Previous studies have found immune system alterations in ME/CFS. This new research builds on these findings, investigating the interaction between the gut microbiome, its metabolites and immune responses. The team linked these connections to 12 patient-reported symptom classes, aggregated from hundreds of data points generated by patient health and lifestyle surveys. These include sleep disturbances, headache, fatigue, dizziness and other symptoms, which the researchers mapped comprehensively, from microbiome alterations to metabolites, immune responses and clinical symptoms. The findings come from data on 249 individuals analyzed using a novel artificial intelligence (AI) platform that identifies disease biomarkers from stool, blood and other routine laboratory tests.

To conduct the study, researchers analyzed comprehensive data collected by the Bateman Horne Center, a leading research center for CFS, long-term COVID-19, and fibromyalgia in Salt Lake City, Utah. Scientists developed a deep neural network model called BioMapAI. The tool integrates gut metagenomics, plasma metabolomics, immune cell profiles, blood test data, and clinical symptoms from 153 patients and 96 healthy individuals over four years. Immune cell analysis proved most accurate in predicting symptom severity, while microbiome data best predicted gastrointestinal, emotional, and sleep disorders. The model linked thousands of patient data points, reconstructing symptoms such as pain and gastrointestinal problems, among many others.
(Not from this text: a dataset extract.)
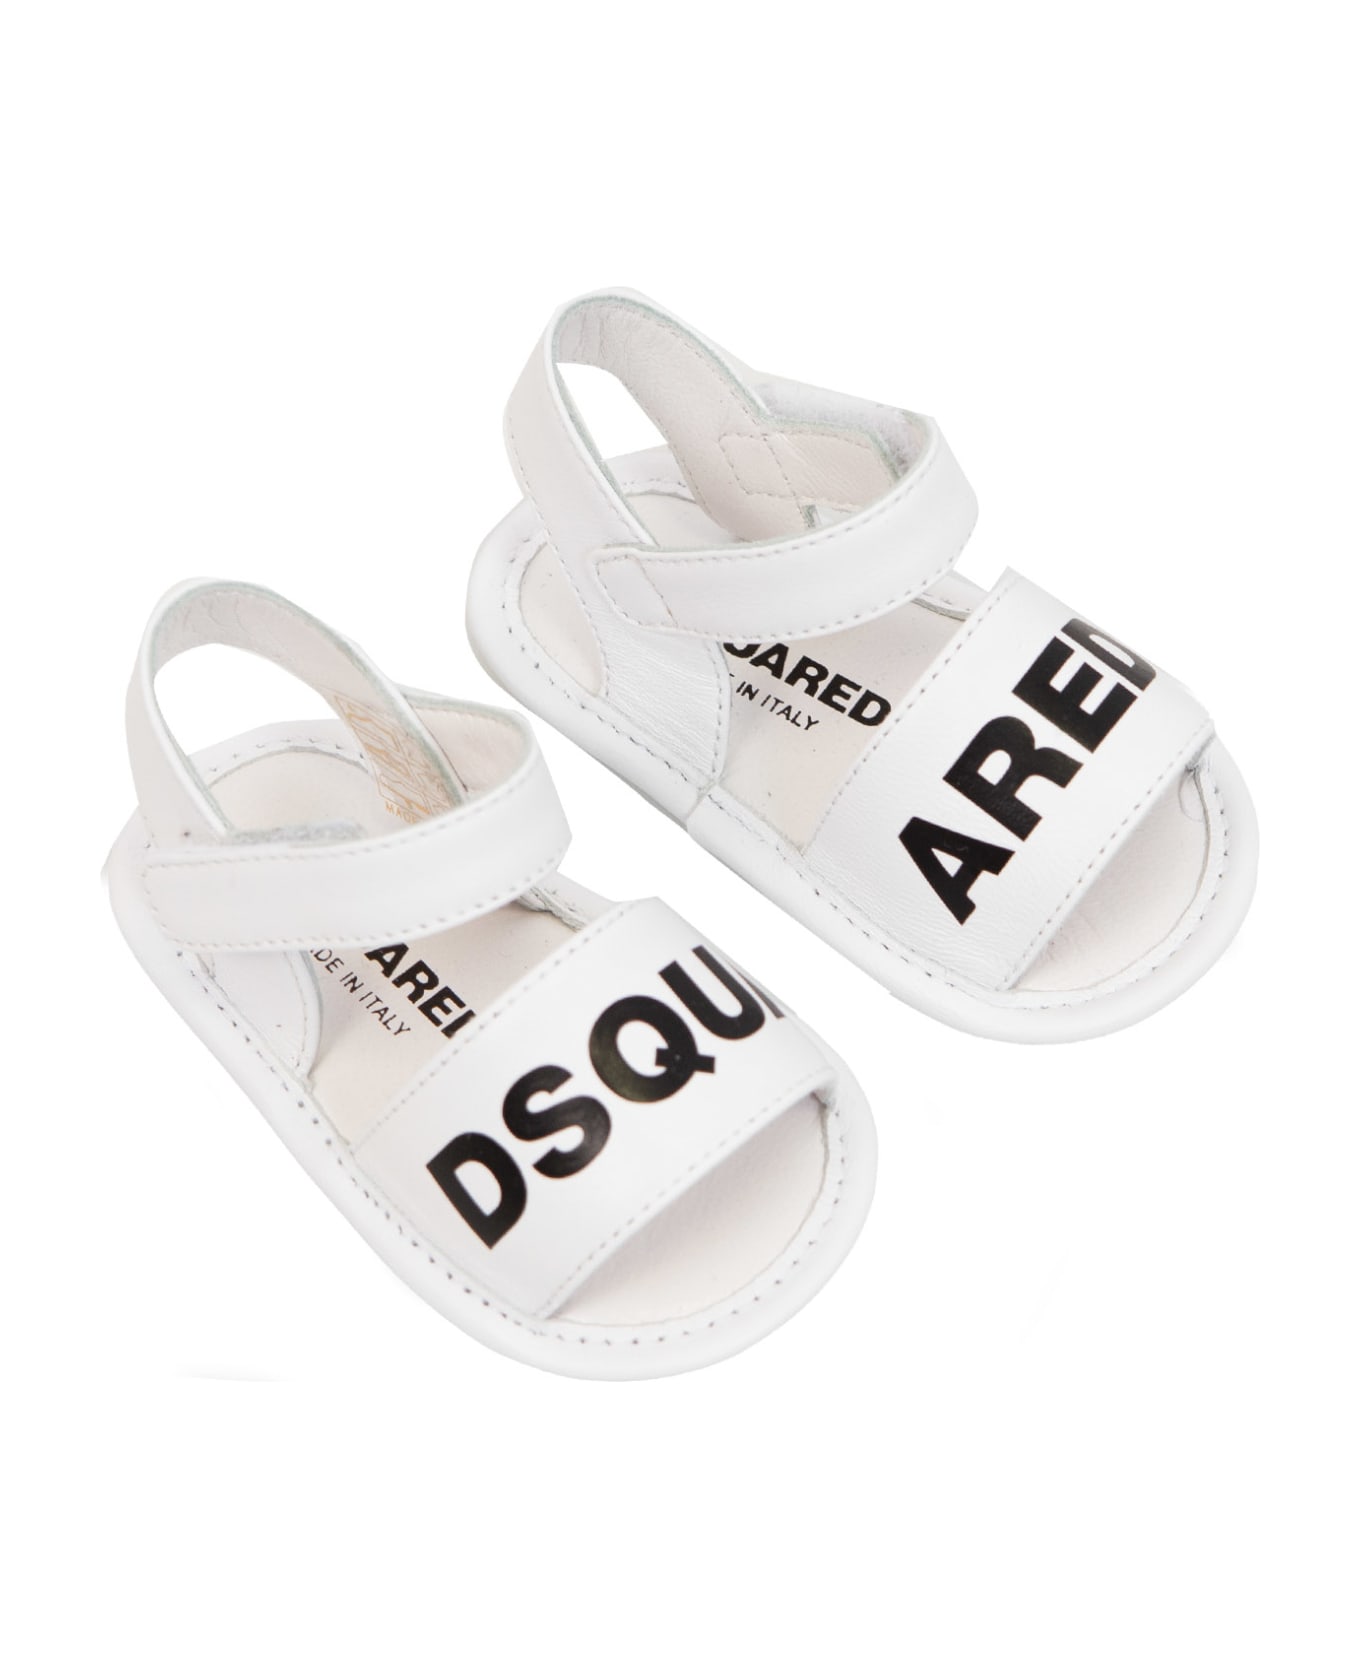 Dsquared2 Leather Sandals - White シューズ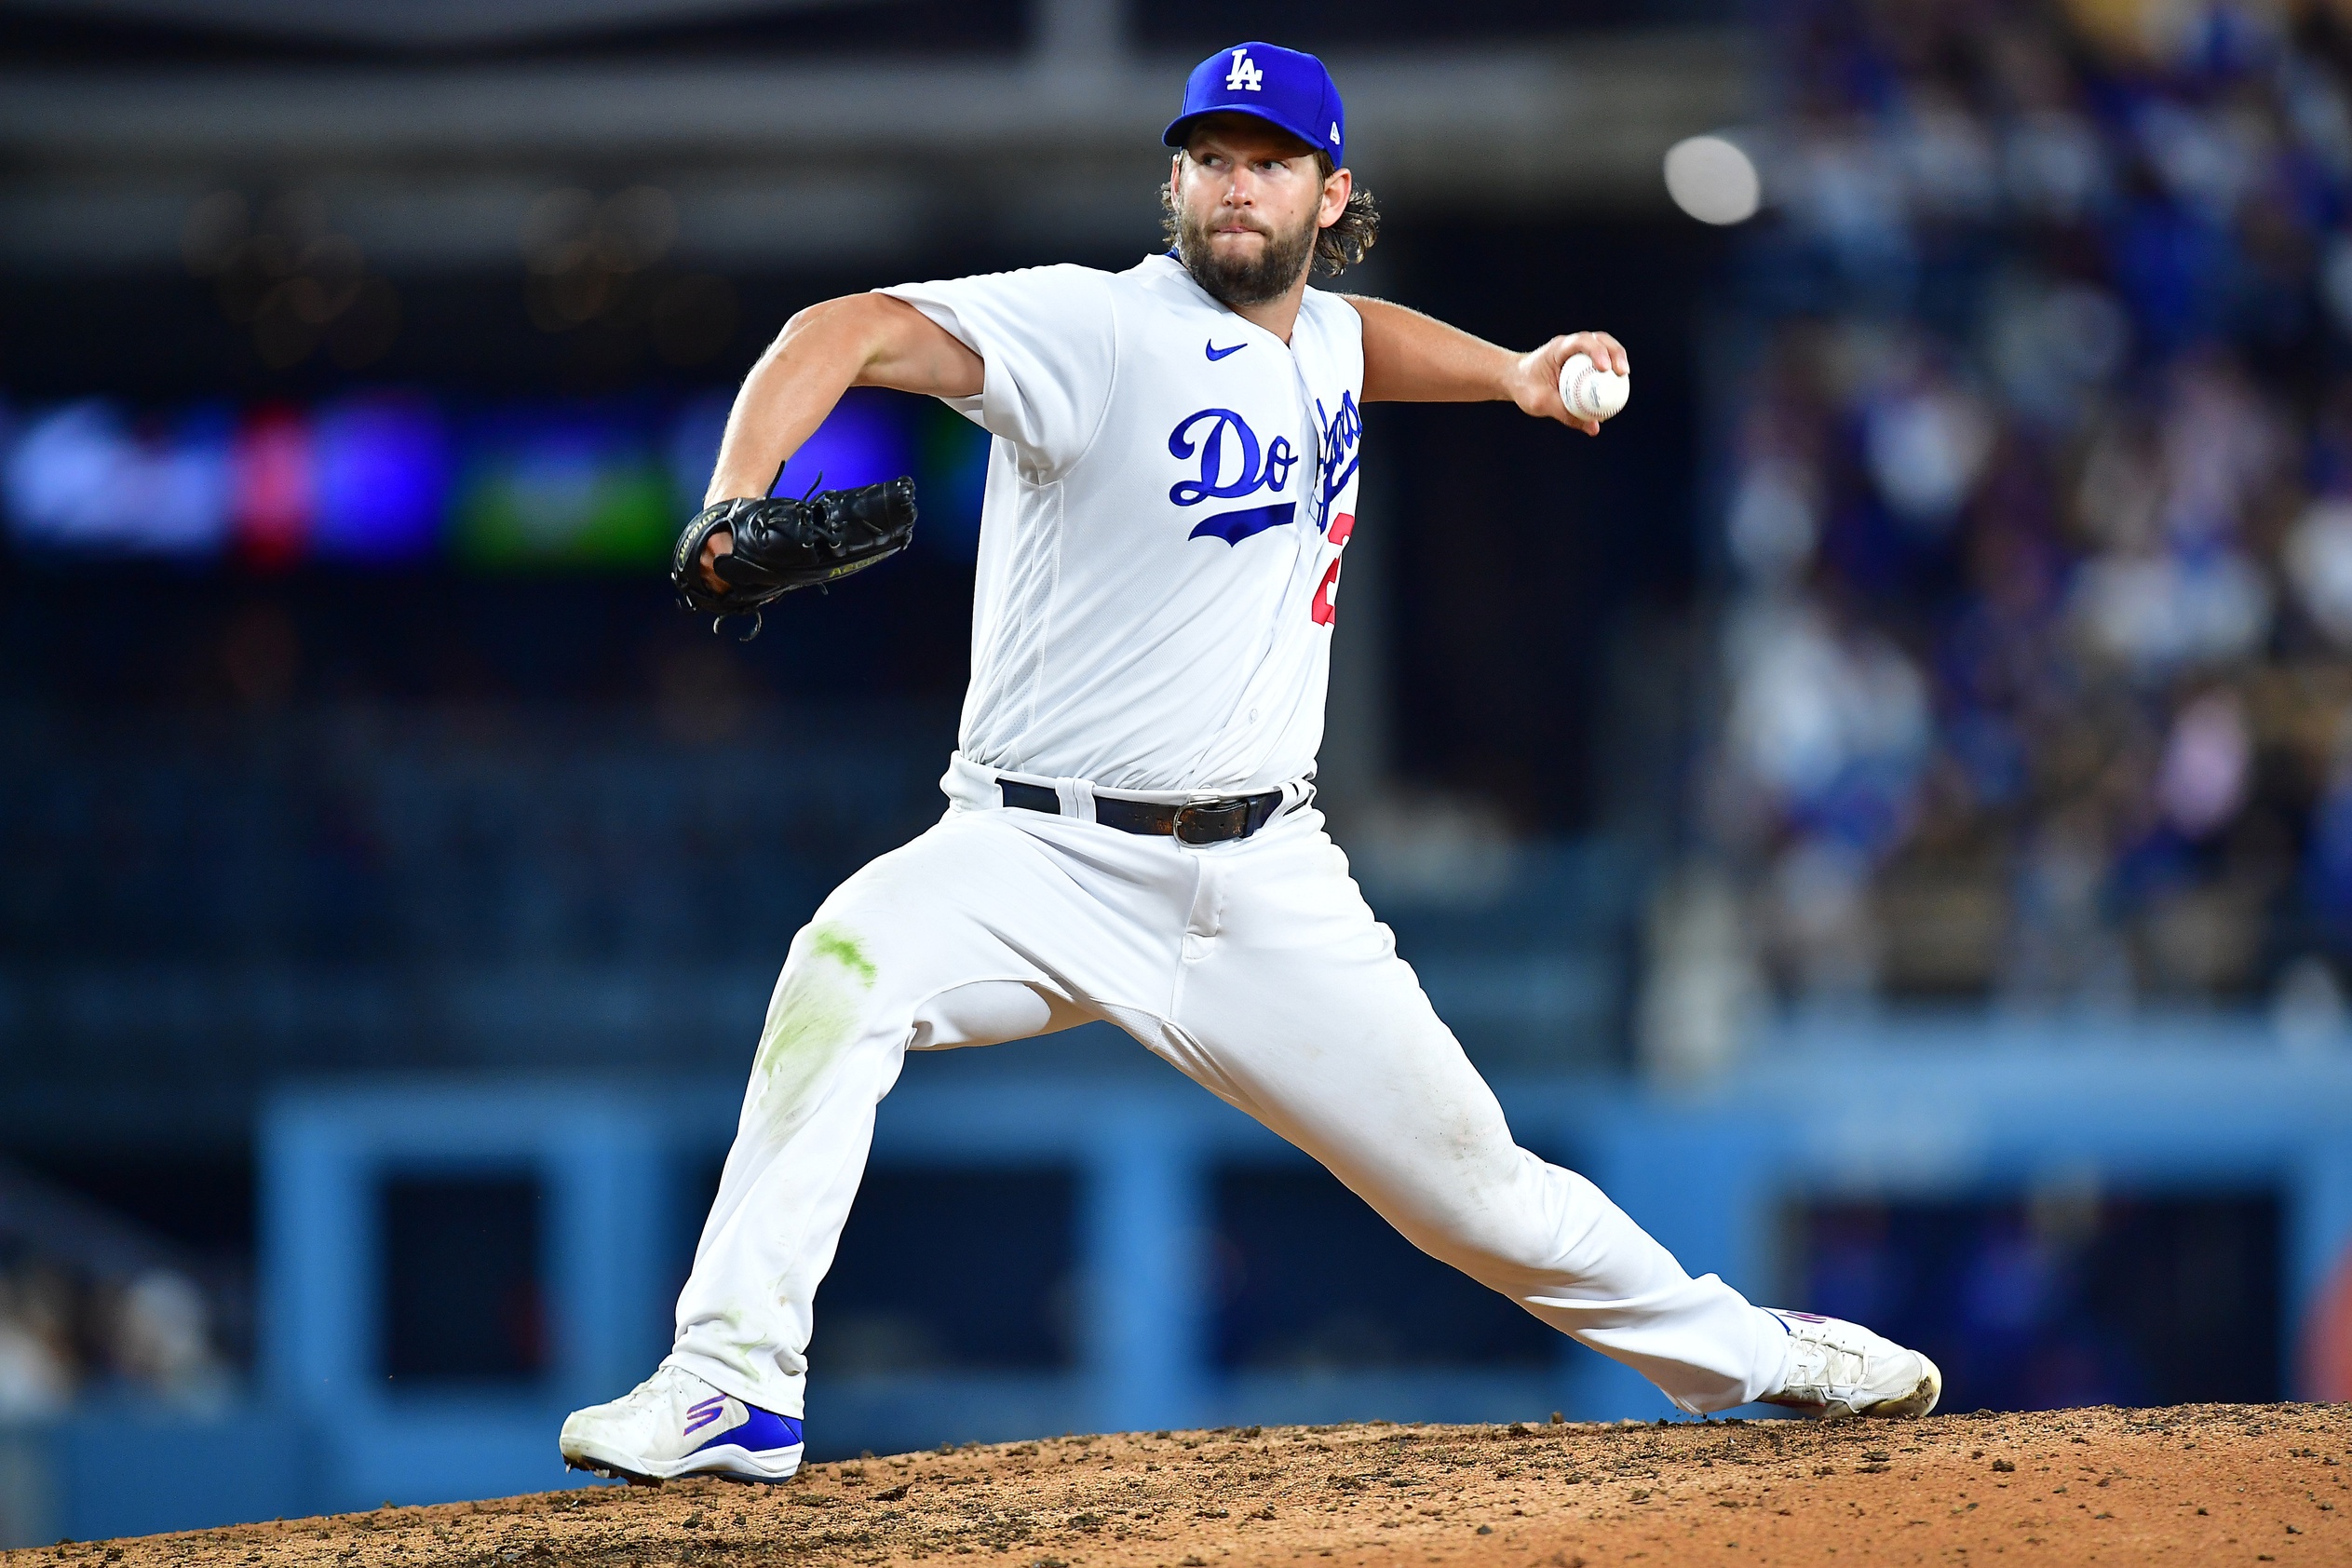 Dodgers pitcher Clayton Kershaw says sore left shoulder will

It also revealed that patients with the disease for less than four years had fewer disrupted networks than those with the disease for more than ten years. The study included 96 healthy controls matched for age and sex, demonstrating balanced interactions between the microbiome, metabolites and the immune system, in contrast to the significant disruptions in CFS patients related to fatigue, pain, emotional regulation and sleep disturbances. CFS patients also had lower levels of butyrate along with other essential nutrients, inflammation control and cellular energy. Patients with elevated levels of tryptophan, benzoate and other markers indicated a microbial imbalance. Increased inflammatory responses were also observed, particularly affecting MAIT cells, which are sensitive to gut microbiota health.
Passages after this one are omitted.